*Task description*: All of the listing must be given again exactly, except that the images are dropped.

*Provided data*:
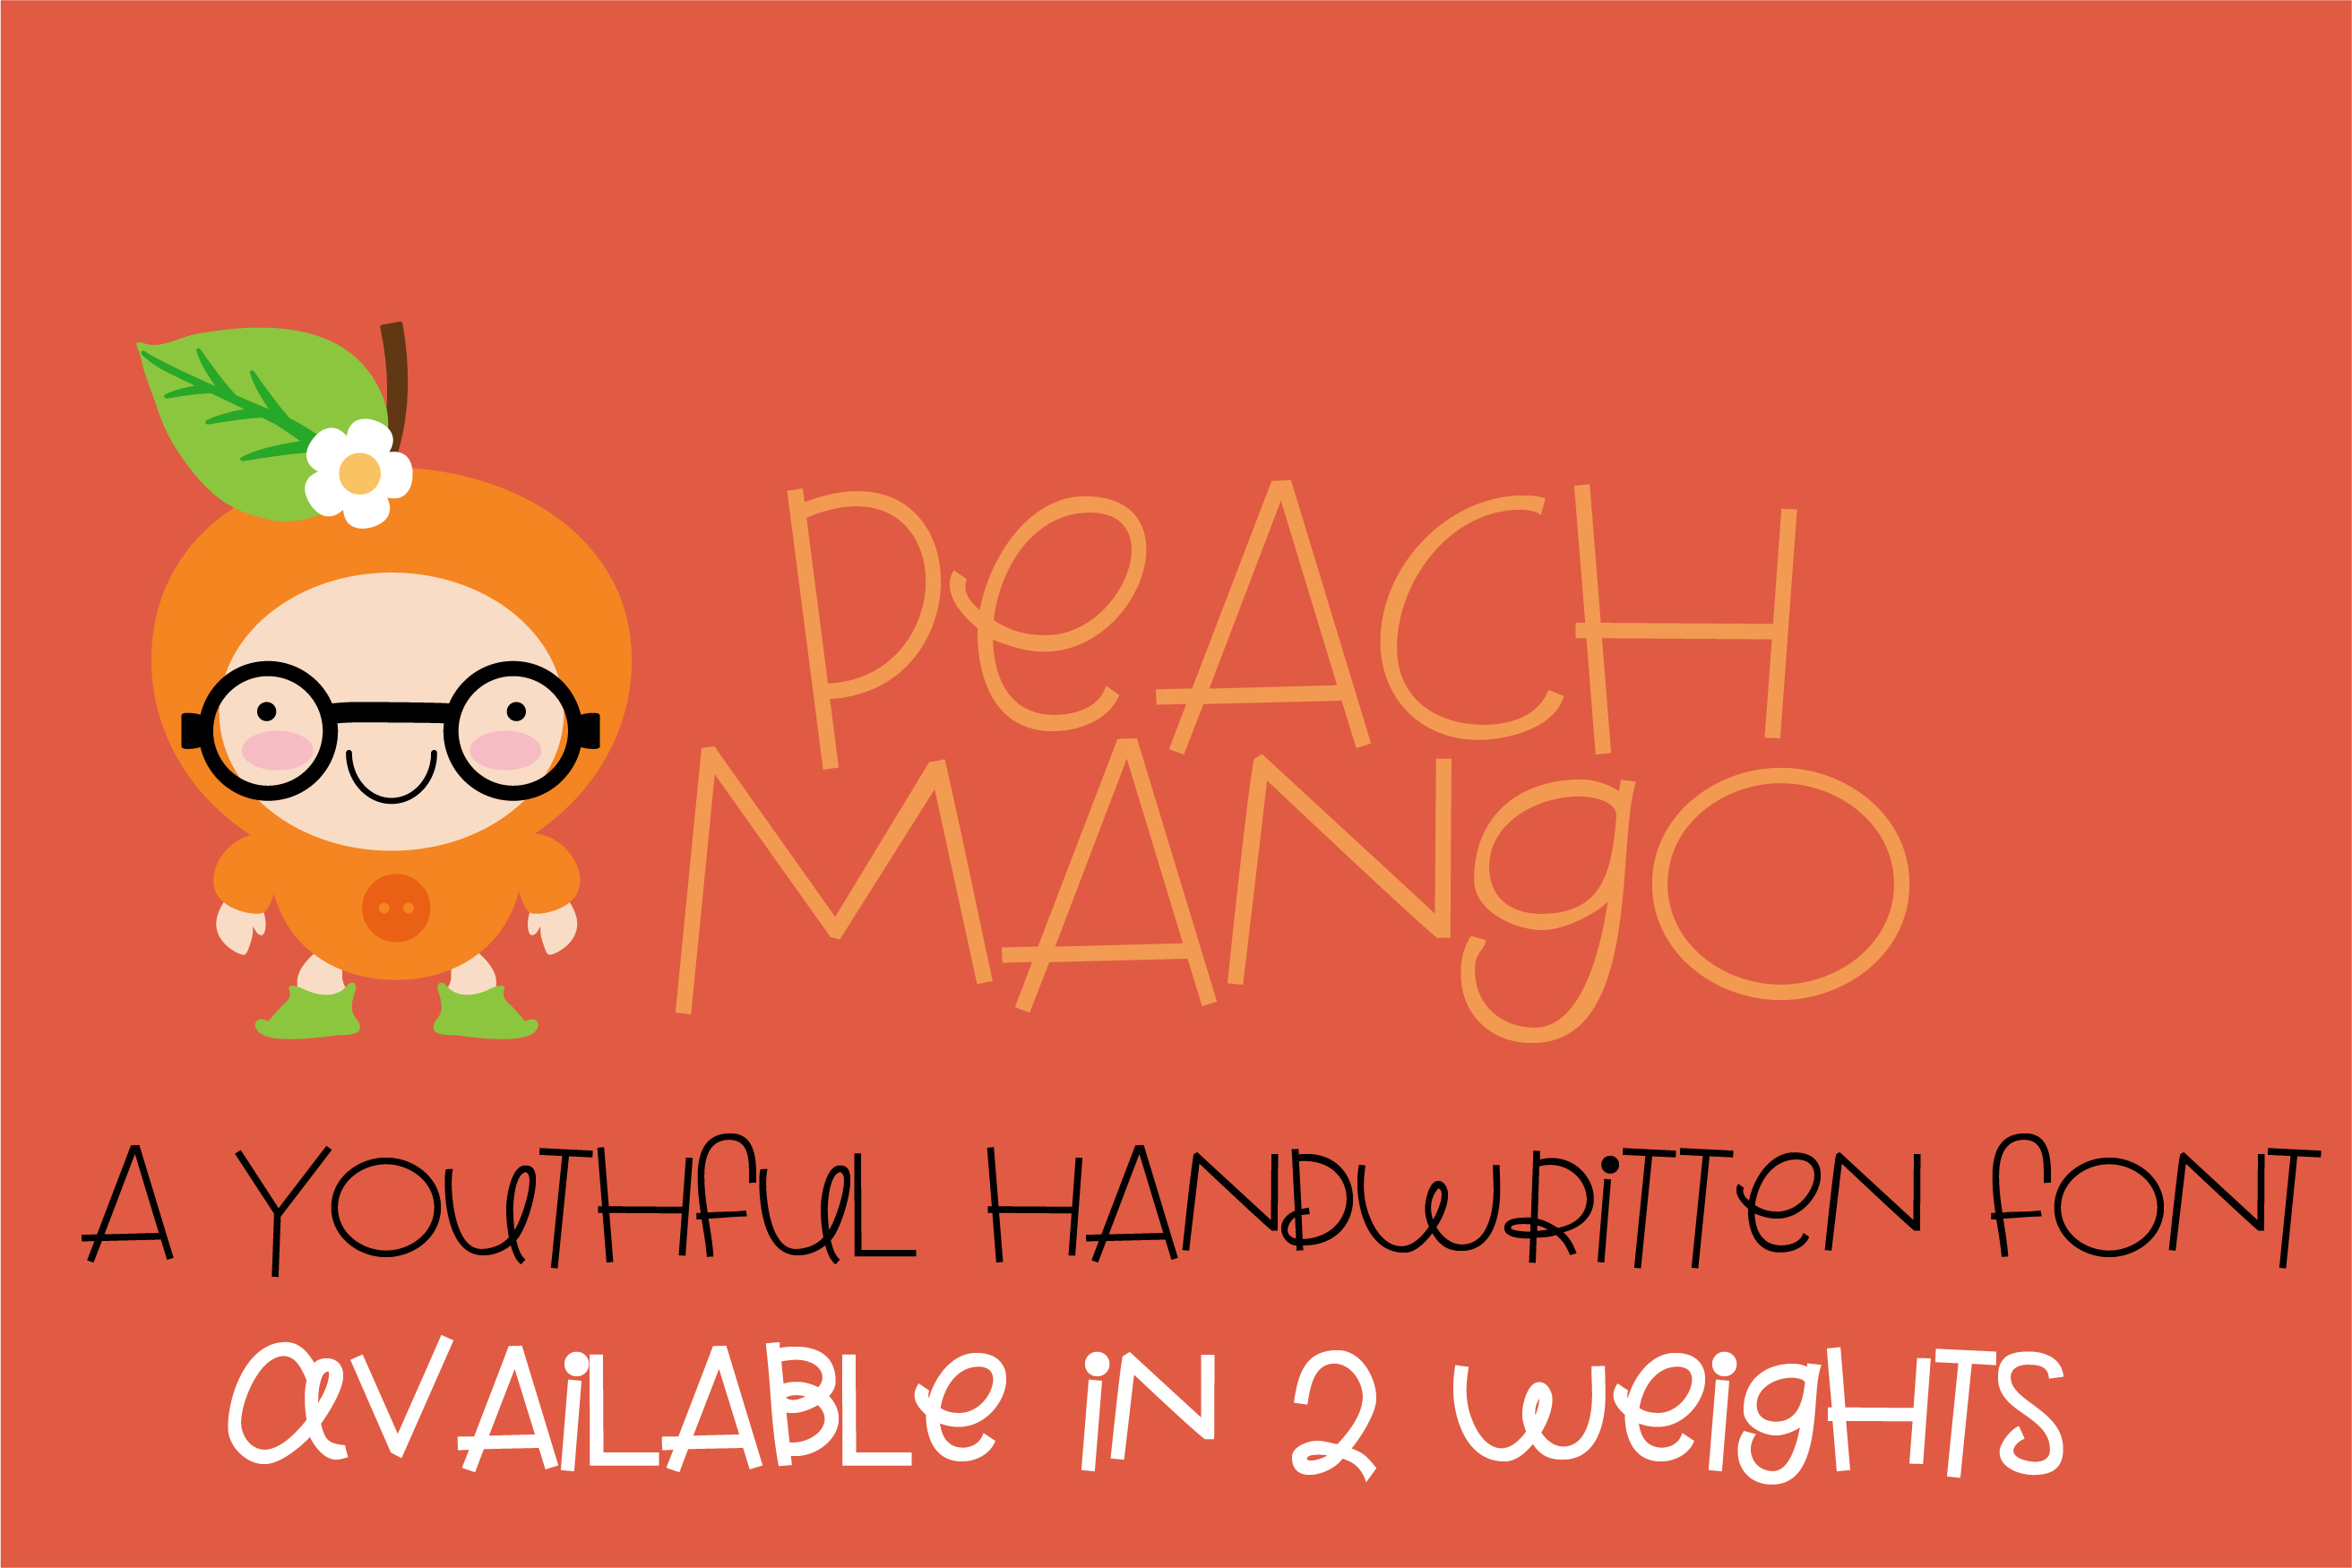 PN Peach Mango example image 1
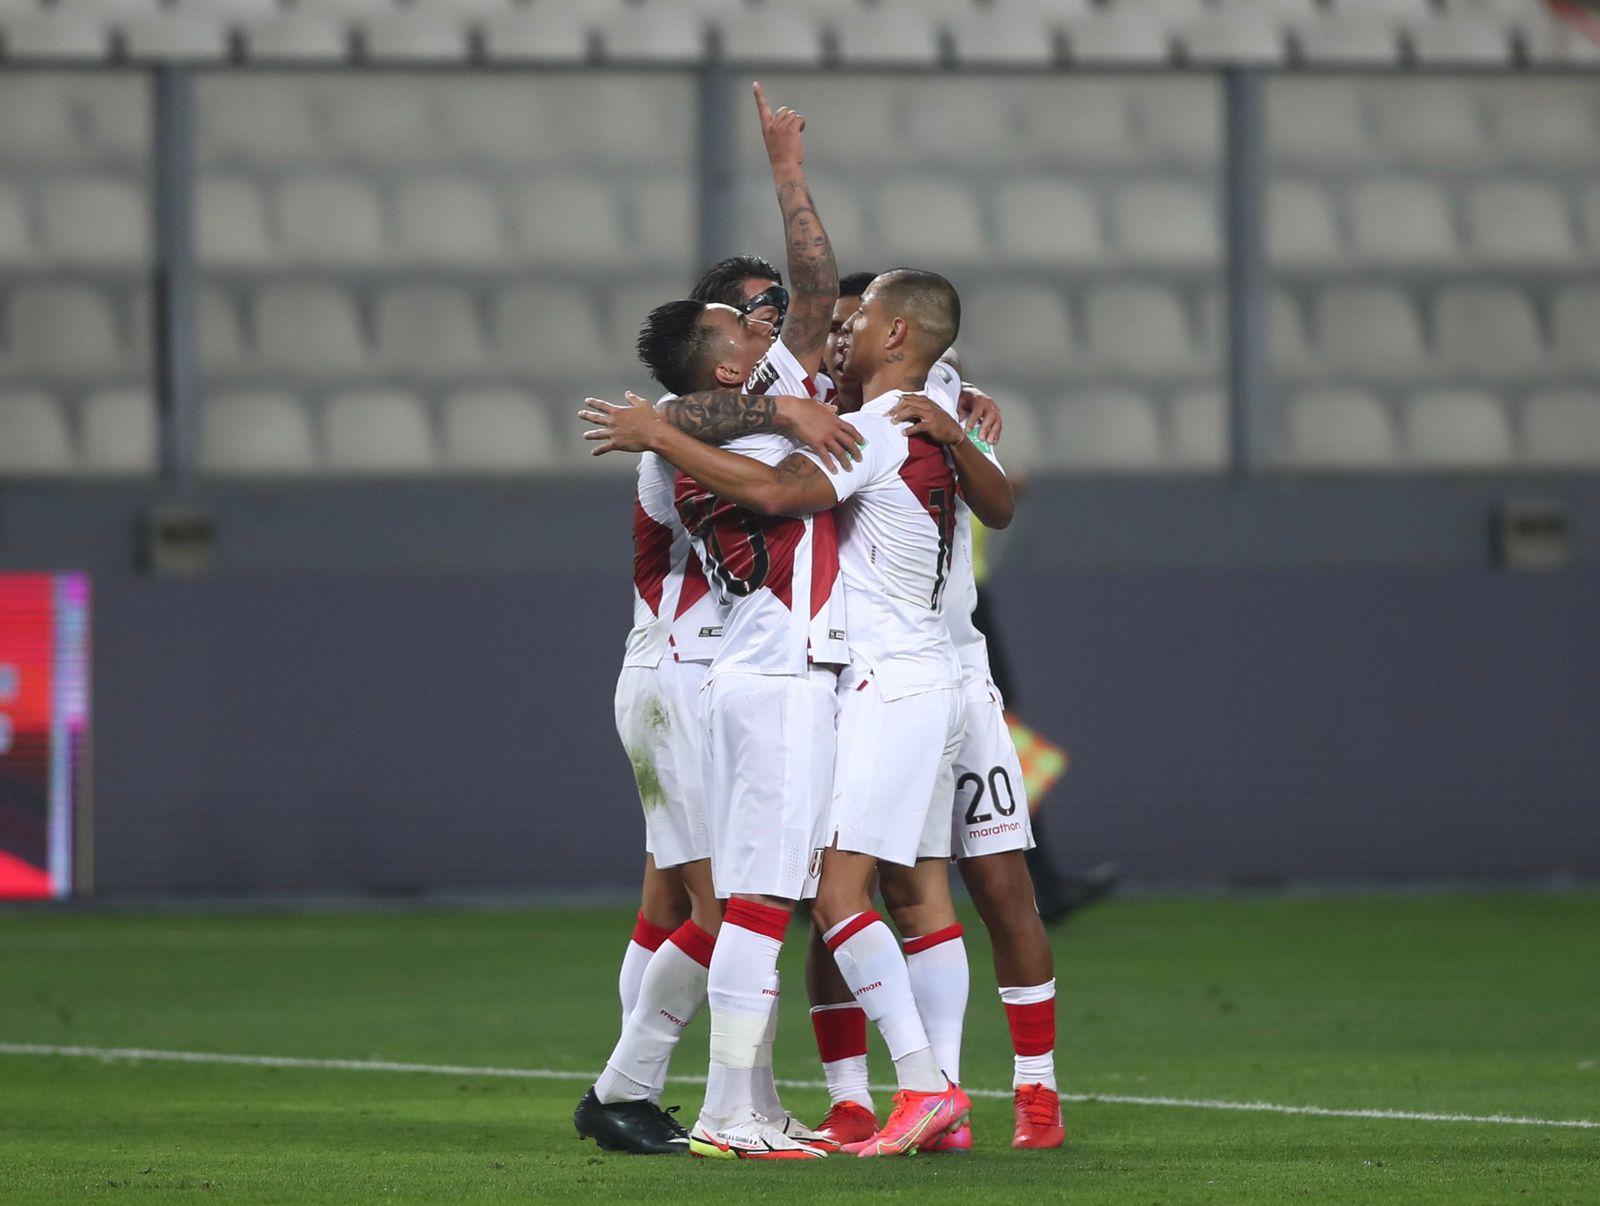 Perú vs Venezuela 1-0 Jornada 6 Eliminatorias CONMEBOL 2022
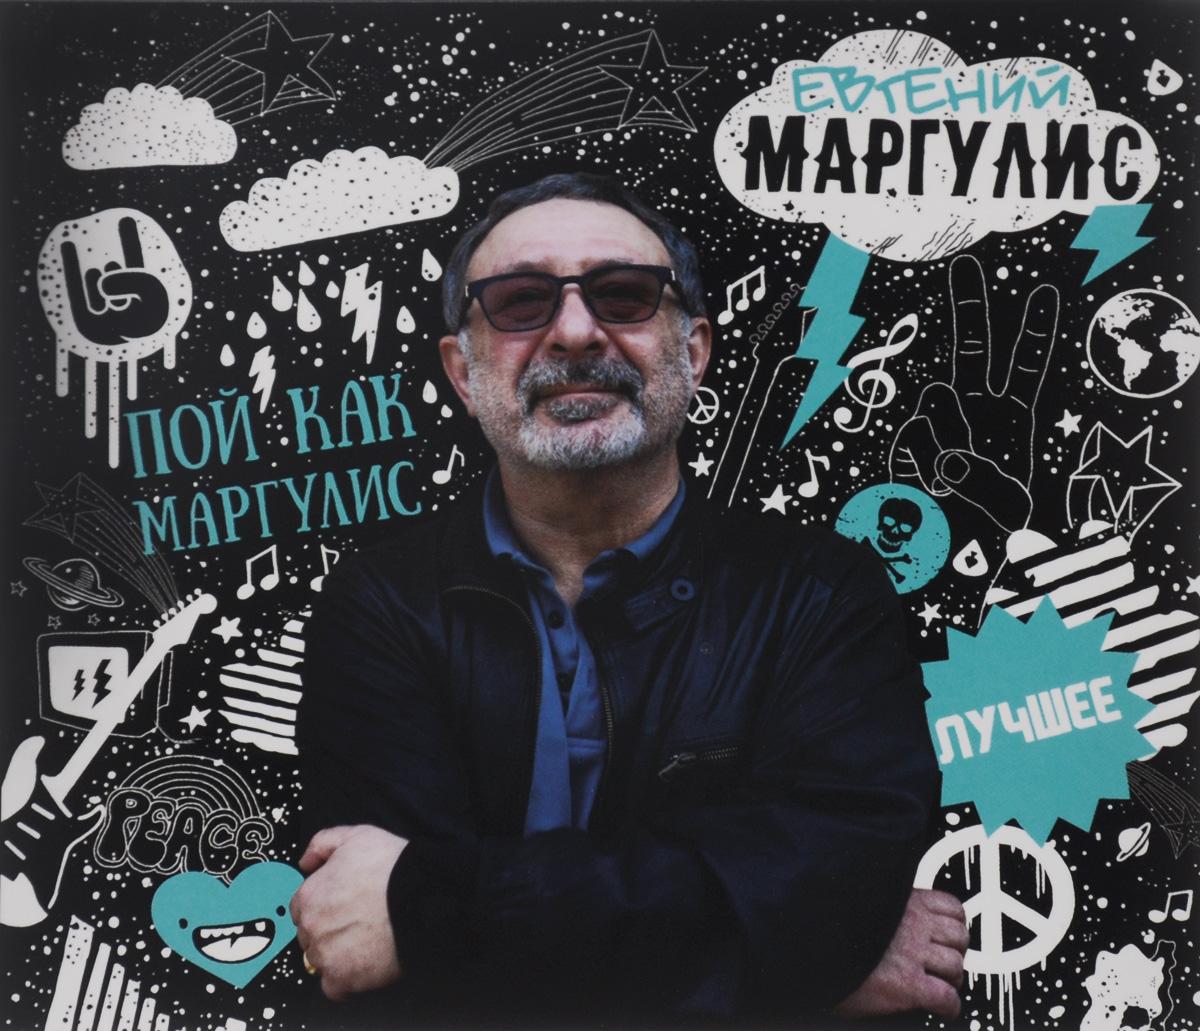 Евгений Маргулис Евгений Маргулис. Пой как Маргулис евгений маргулис 2017 06 08t20 30

*Reply*:
 PN Peach Mango example image 1
 Perú vs Venezuela 1-0 Jornada 6 Eliminatorias CONMEBOL 2022
 Евгений Маргулис Евгений Маргулис. Пой как Маргулис евгений маргулис 2017 06 08t20 30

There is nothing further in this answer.